C'est par ce que je comprends de tout ça que je déborde de colère face au monde, et ma vision alter mondialiste trempée d'anarcha-féminisme n'est pas qu'une vision pour moi, je marche dedans tous les jours, à chaque seconde, et c'est ce qui me fait espérer que d'autres fassent de même et que peut-être un jour le monde changera. Je transmets tout ce que je peux de cet espoir à mes enfants et à mon entourage quand leurs oreilles s'ouvrent un peu. Et j'applique dans la vie, en fait je n'applique pas, je le vis simplement, ce n'est pas un projet, c'est un fonctionnement déjà en place qui se heurte sans cesse à celui de la société consumériste, capitaliste, sexiste, hiérarchique.
Après avoir rôdé en abdication et admission, claque-tue des années durant, j’ai remonté l’horloge sur les malaises et les brûlures fournies d’imposition ultra capitalistes qui m’exaspèrent pour dévisser la cimaise portant haut les soi-disant contraintes de nécessité.
Je comprends les besoins de réussite, car je comprends par où chacun peut passer, même à demi-mots, même entre les flous, je comprends au sens apaisement de faim et recherche de liberté, au sens de besoin d’accéder à la rive enfin, peut-être parce que je connais autre chose que la France, merveilleuse idyllique et édénique, comme je l’entends parfois dans un quasi dogmatisme caricatural, ayant aussi traîné mes jours et mes guêtres sur d'autres routes et d'autres terrains, vagues ceux-là, pelés même comme une steppe brûlée, je comprends tout et ne juge pas de la route revenue de l'enfer. Je comprends mais qu’on ne me charge pas de ces rêves-là, les miens sont ailleurs.

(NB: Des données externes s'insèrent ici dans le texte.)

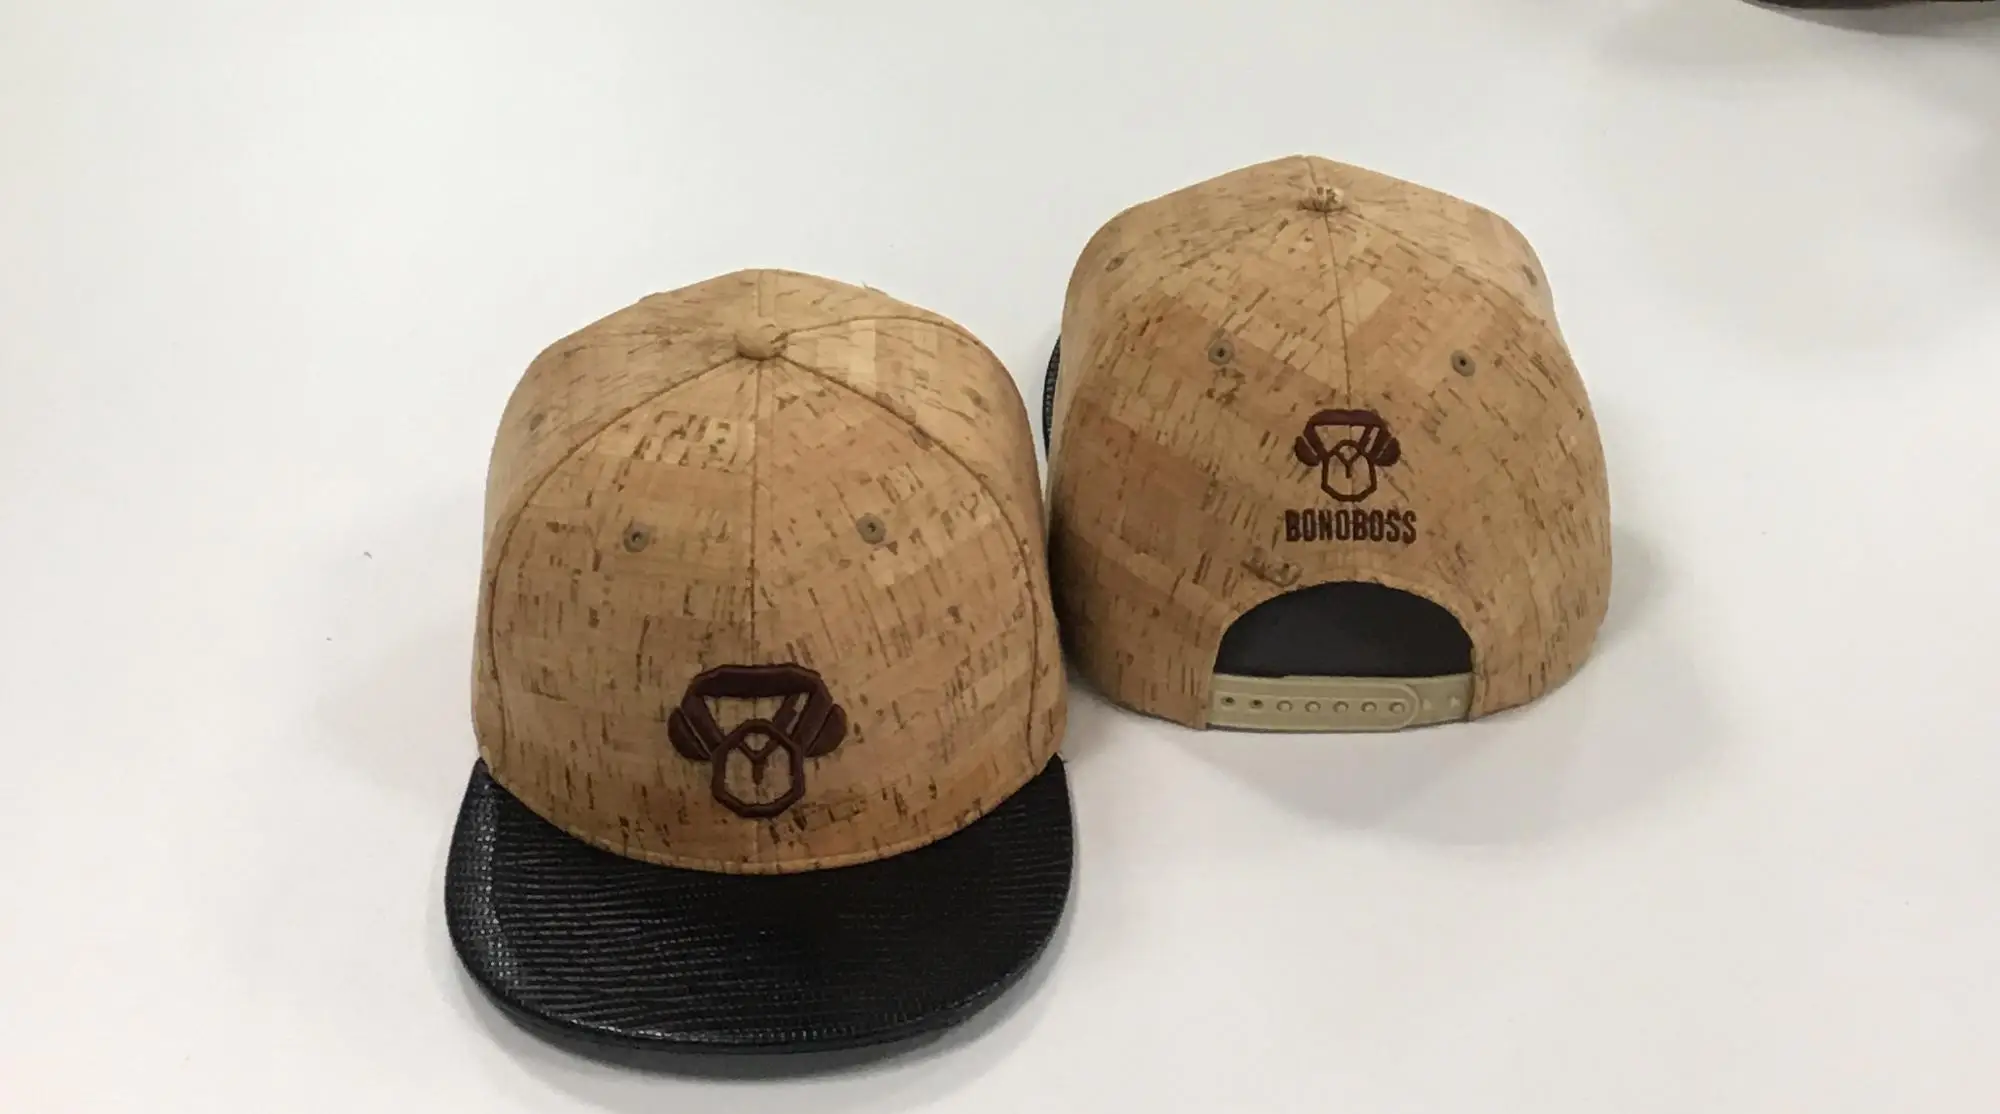 カスタム木製コルク帽子フラットつば帽子 Buy 木製コルク帽子 木製コルクフラットつば帽子 カスタム木製コルク帽子 Product On Alibaba Com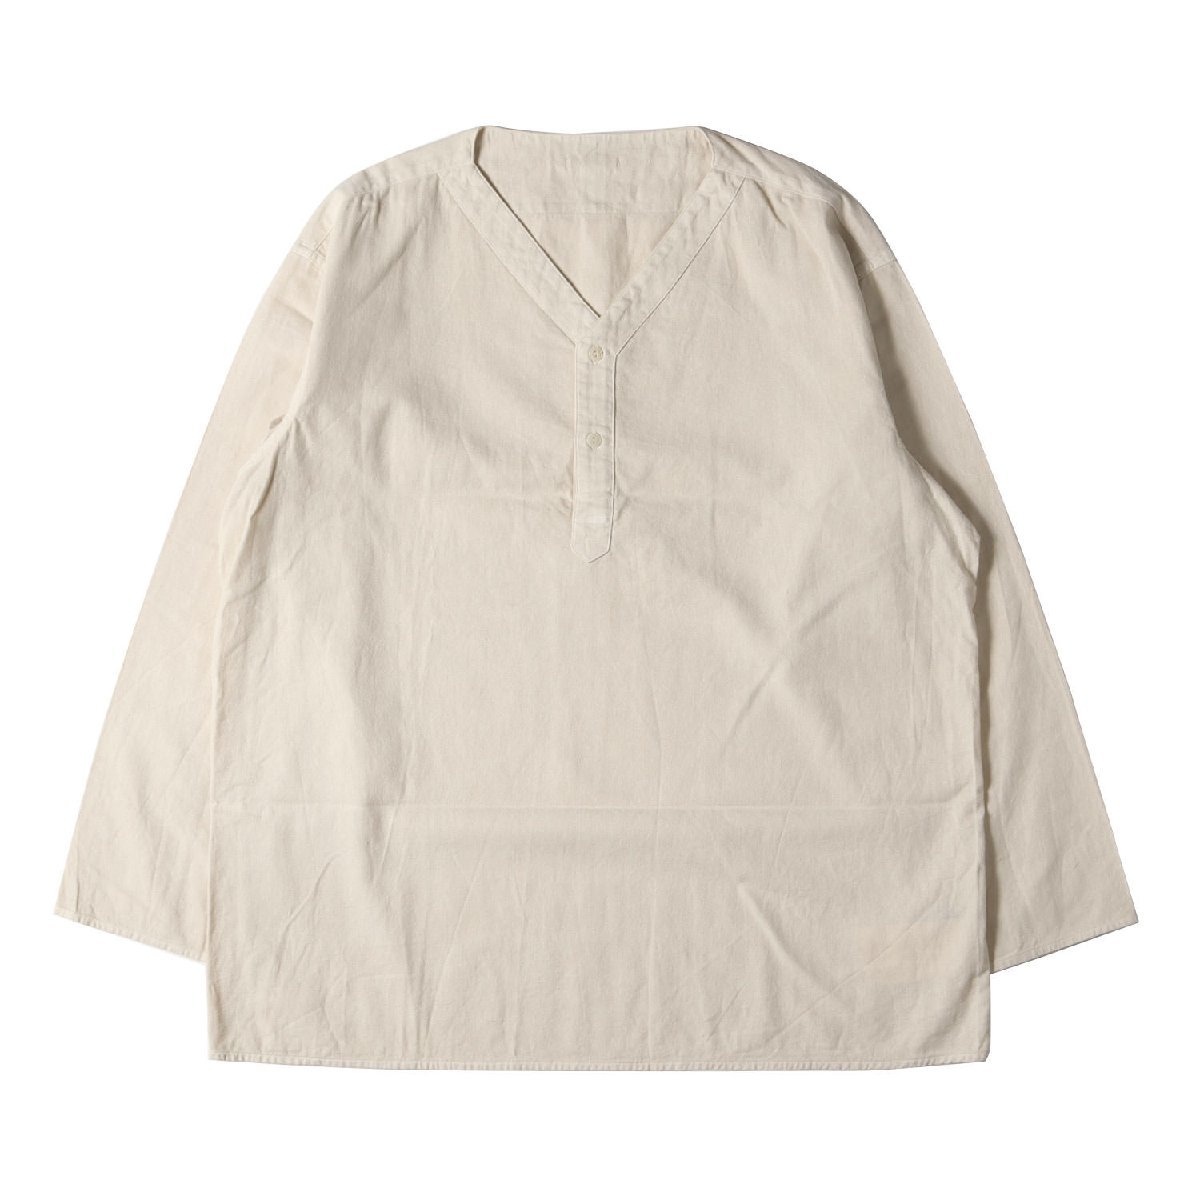 美品 Kinema キネマ シャツ サイズ:M 23SS 受注販売品 ピグメント染め Vネック pigment sleeping shirt KNM-23SS-SH10 トップス ブランド

Parce que chaque pays est spécial. Parce des pays sont ce qu'ils sont et qu’il y a ceux brisés aux antipodes du mien et son consumérisme ambiant dans lequel en plus il faut absolument élever ses enfants sous peine d'être classés dans les parents maltraitants. Le rêve ! Non, la chance, chance matérielle uniquement. La chance humaine, le vivre vivant, le vivre du partage, de tous les amours sous l'amour universel regroupés, ce n'est pas ici. Ici c'est l'individualisme, le racisme, le sexisme, ce ne sont pas des spécialités françaises évidement, mais c'est à un niveau qui tue l'homme dans l'homme. Il y a des êtres autrement, heureusement, mais claquemurés par le heurt des coutumes - de l'habitude à la coutume, oui ! - consuméristes.